Real Estate Agents Face a 'Mirror Problem' of Perception, Harvard-Trained Broker Says

Real estate agents are undervalued, and the industry itself is partly to blame, according to Courtney Poulos, founder of SERHANT. CA and team lead of ACME | SERHANT. in Los Angeles. Poulos, who is completing Harvard University's Advanced Management Development Program (AMDP) at the Graduate School of Design, says agents need to change how they communicate their value to clients and the public.

“We have a mirror problem,” Poulos said, describing how agents are perceived as “overpaid paper pushers.” She noted that while class-action lawsuits and public relations battles are driven by external forces, “the way we show up, how we communicate, how we position ourselves, that is on us.” Poulos cited a recent example where a client tried to negotiate her commission down to a figure that would not cover the marketing she had already spent on a listing. “That is the level of disrespect I am talking about,” she said.

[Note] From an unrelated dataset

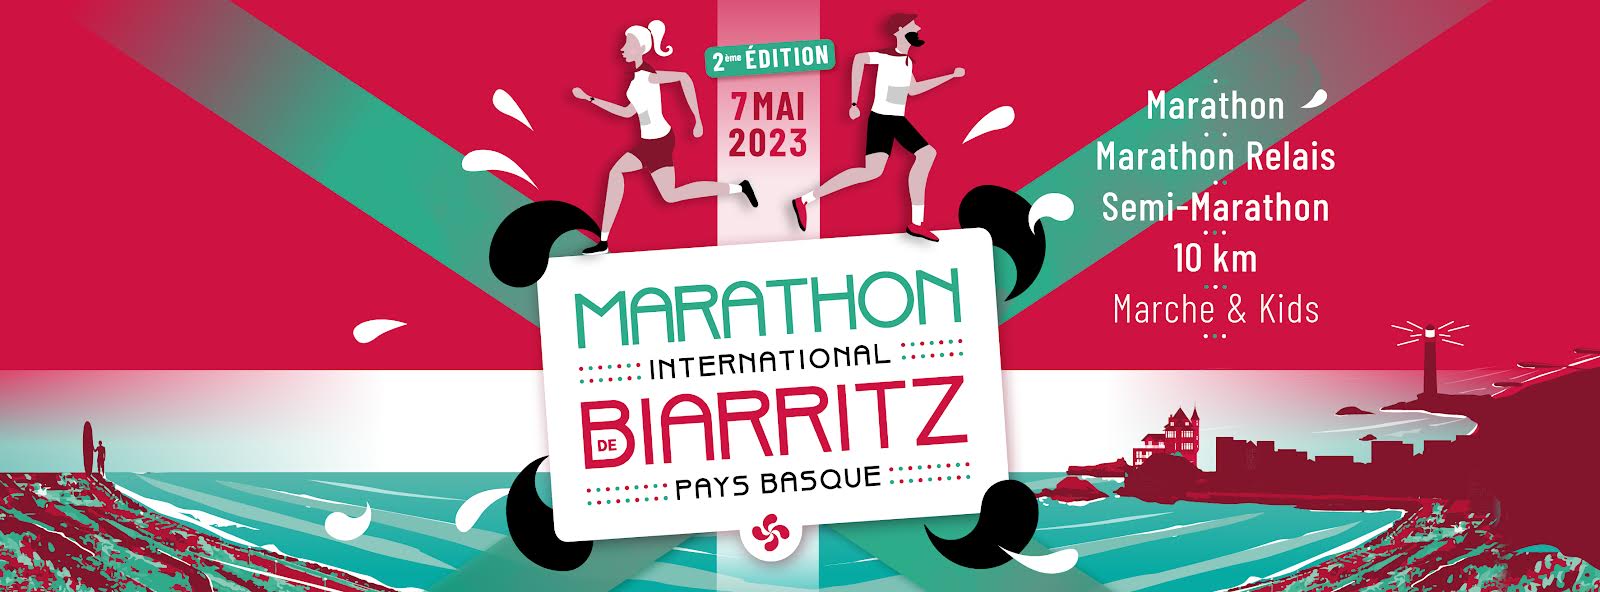 affiche_du_marathon_de_biarritz_-_pays_basque_2023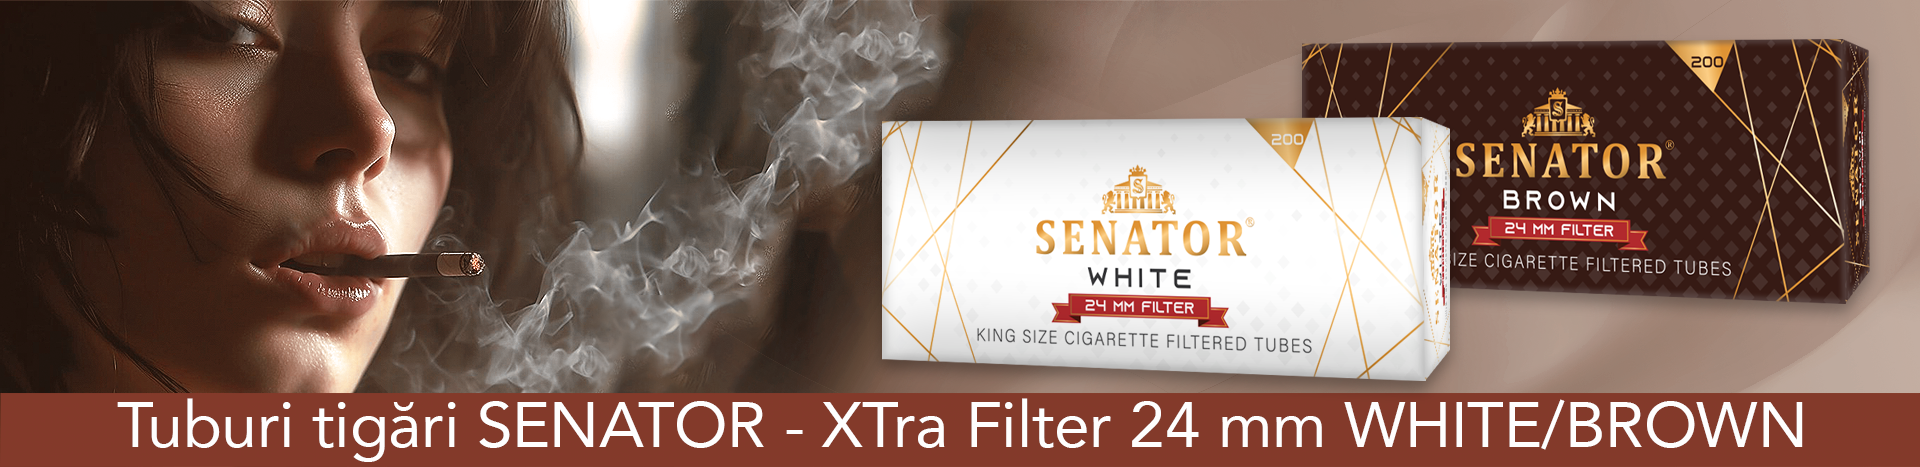 Tuburi tigari SENATOR - XTra Filter 24 mm

Poulos believes the core issue is that agents do not see themselves as senior-level executives. “We are not taken as seriously as we ought to be, like a lawyer,” she said. Her Harvard experience, working alongside urban planners and commercial developers, sharpened her observation that agents fall into “the trap of marketing to each other.” They post sales numbers for other agents, competing on metrics that clients do not care about, and miss the opportunity to explain in plain terms what they actually do: data analysis, risk management, negotiation, and client advocacy.

One of the standout sessions in her AMDP coursework was led by Carmine Gallo, who trained executives on audience-centric messaging. The discipline, Poulos said, is starting with what matters to the person you are trying to reach rather than what makes you look credible to peers. “We protect our clients. We navigate. We clarify. That is the message. And most agents are not saying it,” she said.

Poulos is now translating these ideas into a series of workshops and seminars, with the first session launching in Orlando this week, open to agents at all brokerages. The goal is to help agents build messaging that holds up with clients, the press, and regulators, and to rebuild public trust in a profession that has taken a significant reputational hit. “If what we can clarify for the public is that we are not overpaid, that we are experts, and that our public relations battles are not actually about whether we deserve to be paid, then we start to reverse the narrative,” she said.

The housing market, she added, has “a lot of good stuff going on, despite the headlines. It is the moment for something optimistic.” ACME was founded in 2011 as a boutique brokerage in Los Angeles and as of April 2026 is now ACME | SERHANT., under the national firm led by celebrity real estate agent Ryan Serhant. Poulos graduates from Harvard in July.